Notwendigkeit internationaler Zusammenarbeit

Die Tatsache, dass die Risiken der Künstlichen Intelligenz nicht an Grenzen haltmachen, zeigt deutlich die Notwendigkeit internationaler Zusammenarbeit für die Sicherheit von Künstlicher Intelligenz. Wir können nicht auf vollständige Informationen warten und können nicht handeln, bis der Wettbewerb zwischen den Großmächten nachlässt. Die Notwendigkeit internationaler Zusammenarbeit im Bereich der Sicherheit von Künstlicher Intelligenz ist dringend und unbestreitbar.

Frühere Erfahrungen im Management globaler Risiken, einschließlich chemischer Waffen und Klimawandel, zeigen, dass internationale Zusammenarbeit effektiv sein kann. Verschiedene Abkommen und Protokolle, wie das Montreal-Protokoll und der Vertrag über die Nichtverbreitung von Kernwaffen, sind Beispiele für Erfolge in der globalen Zusammenarbeit, die sogar ohne Vertrauen erreicht wurden.
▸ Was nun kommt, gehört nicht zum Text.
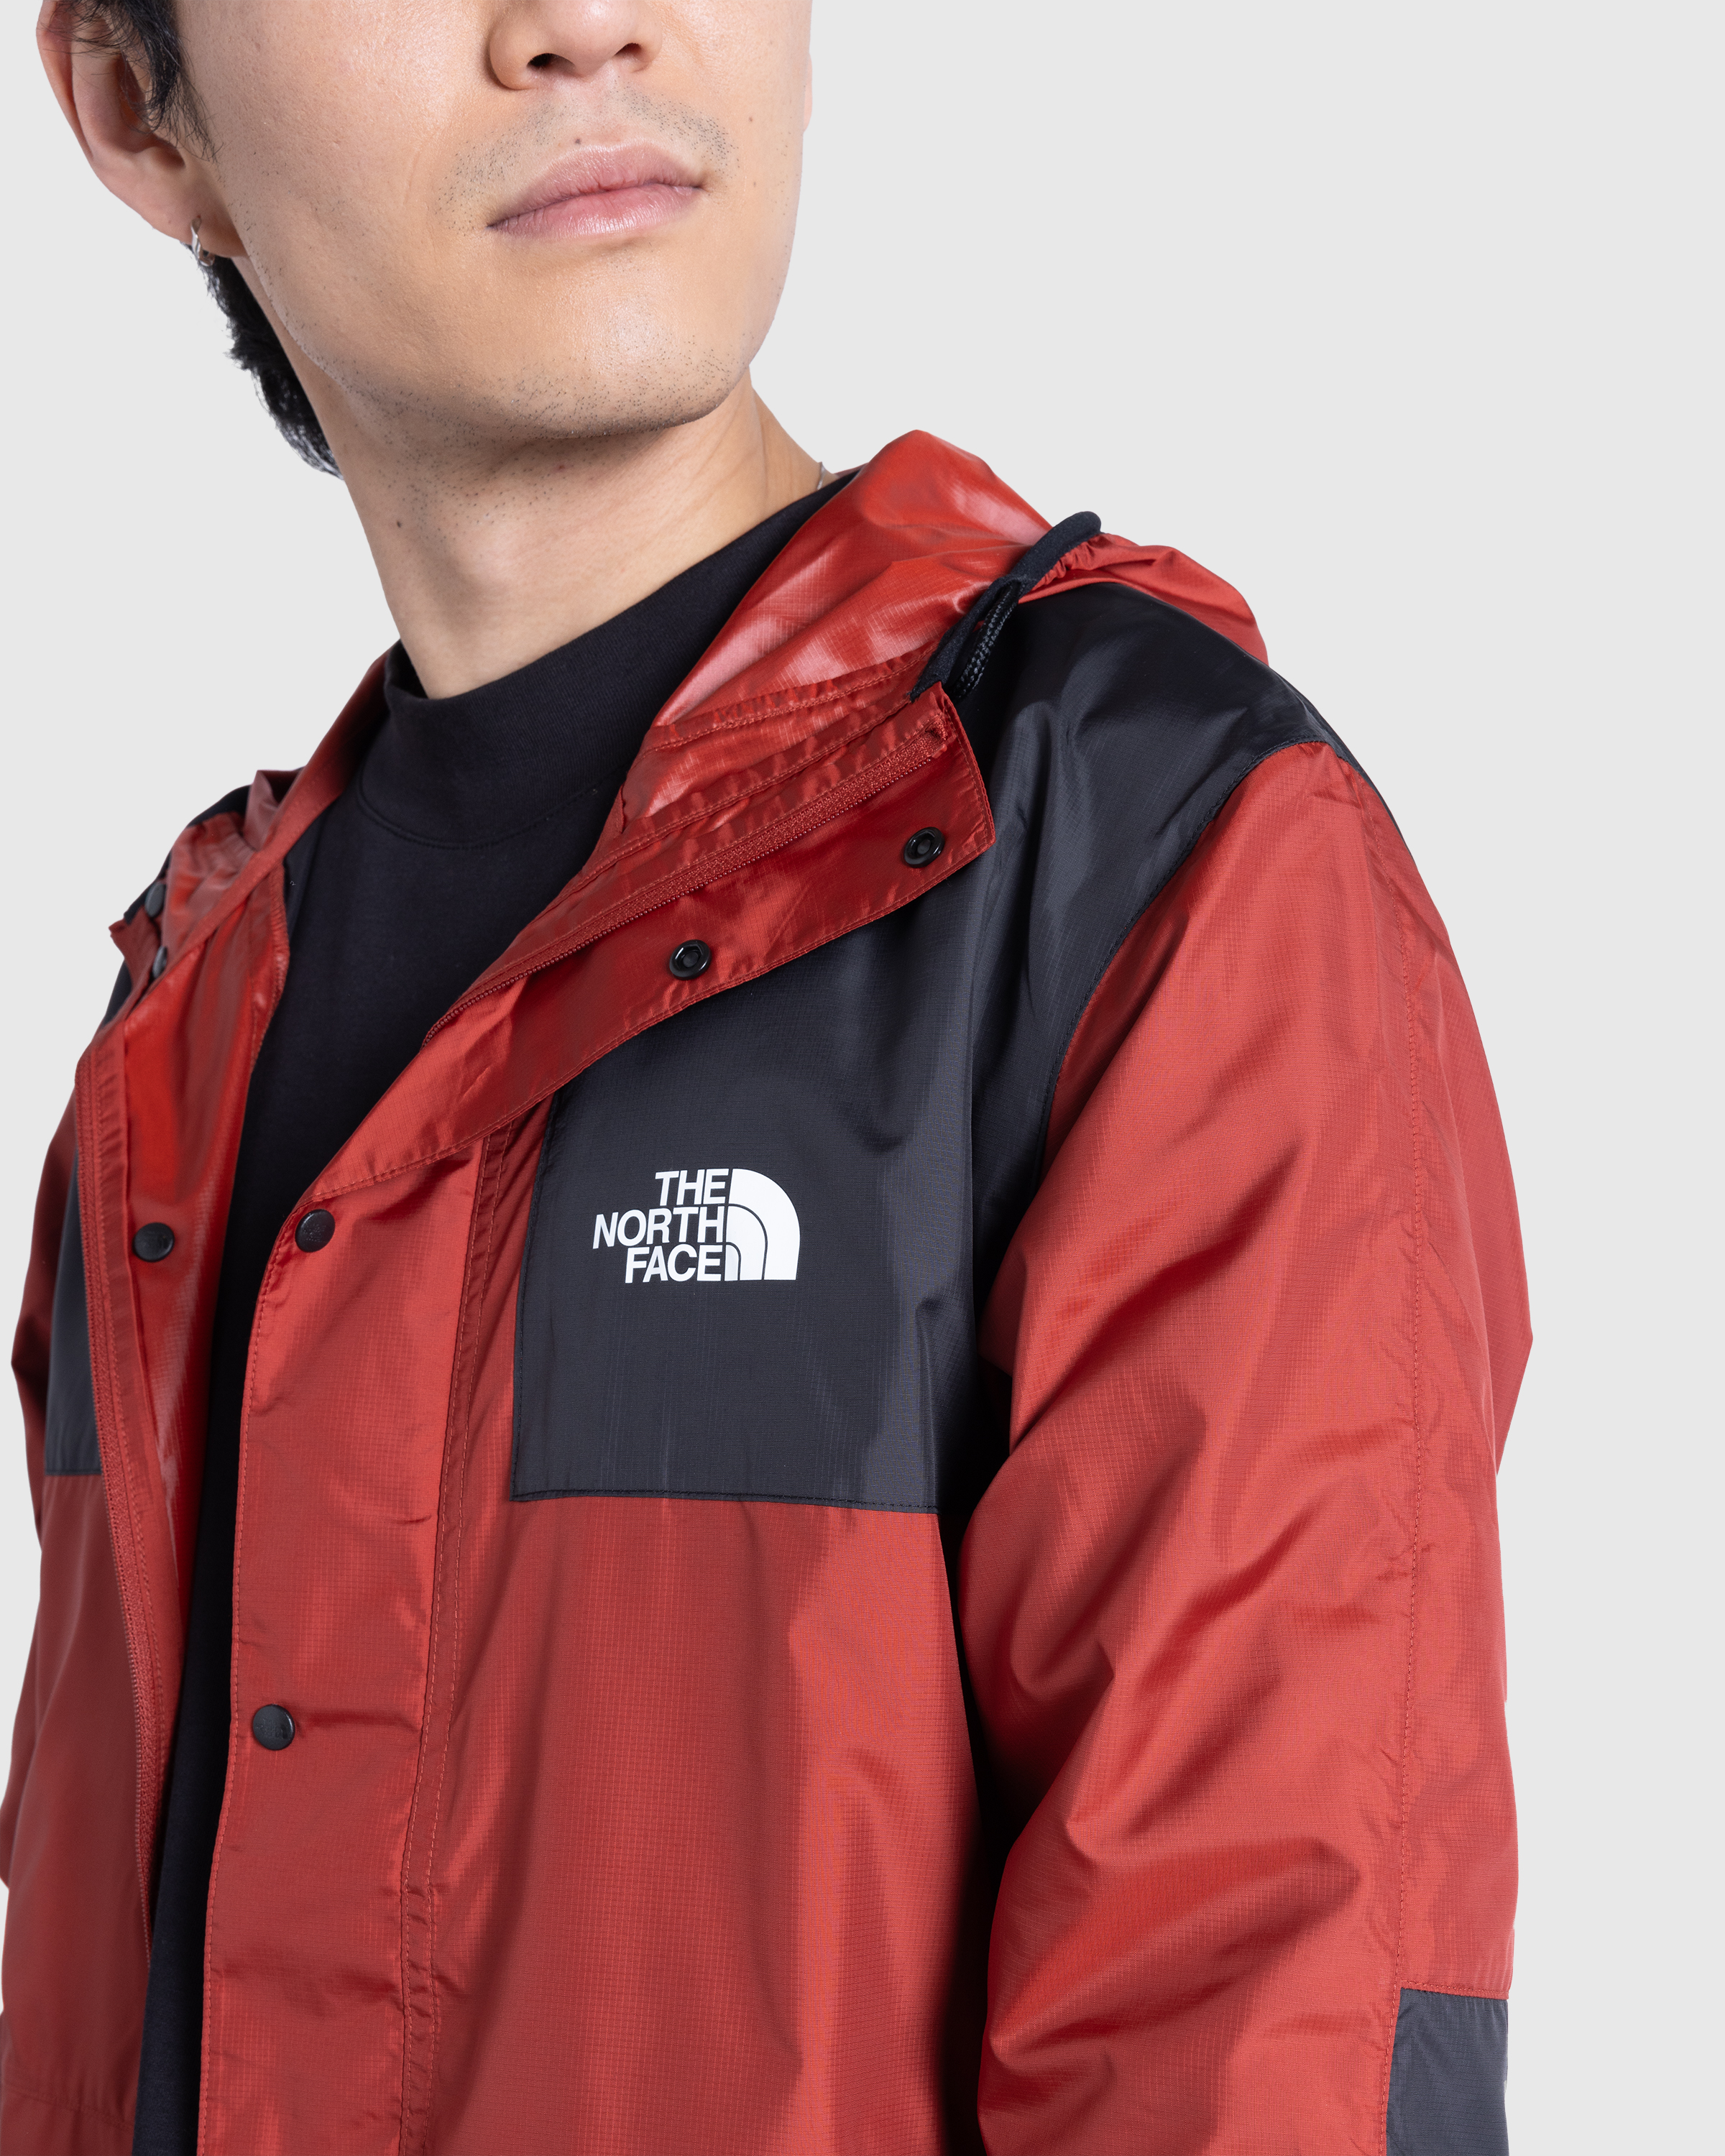 The North Face – Seasonal Mountain Jacket Iron Red - Jackets - Red - Image 5

Vorhandene Modelle für internationale Zusammenarbeit können für Künstliche Intelligenz genutzt werden. Zum Beispiel kann auf das Abkommen über chemische Waffen verwiesen werden, das nahezu globale Mitgliedschaft erreicht hat und mit einer technischen Überwachungsbehörde, einschließlich der Organisation für das Verbot chemischer Waffen, die Inspektion der deklarierten Anlagen durchgeführt hat.

Die Schaffung einer internationalen Behörde für Künstliche Intelligenz, die die Sicherheit fortschrittlicher Systeme bestätigen und unter menschlicher Kontrolle bleiben kann, ist unerlässlich. Diese Behörde sollte ein Ort sein, an dem schwerwiegende Vorfälle und nahe Gefahren auf globaler Ebene gemeldet und überwacht werden, damit ein Versagen in einem Unternehmen oder Land als Warnung für die gesamte Welt dient.

Dies ist kein Aufruf zur Panik, sondern ein Aufruf zu politischem Mut und Führung. Wir können nicht auf den "Tschernobyl-Moment" der Künstlichen Intelligenz warten. Die Sammlung von Beweisen und Forderungen nach Maßnahmen hat ihren Höhepunkt erreicht, und es ist an der Zeit, die gegenwärtige Stagnation zu durchbrechen. Wir fordern die Führer der Welt auf, in diesem Bereich zu handeln und sich zu verpflichten, über die Schaffung einer internationalen Behörde für fortschrittliche Künstliche Intelligenz zu verhandeln.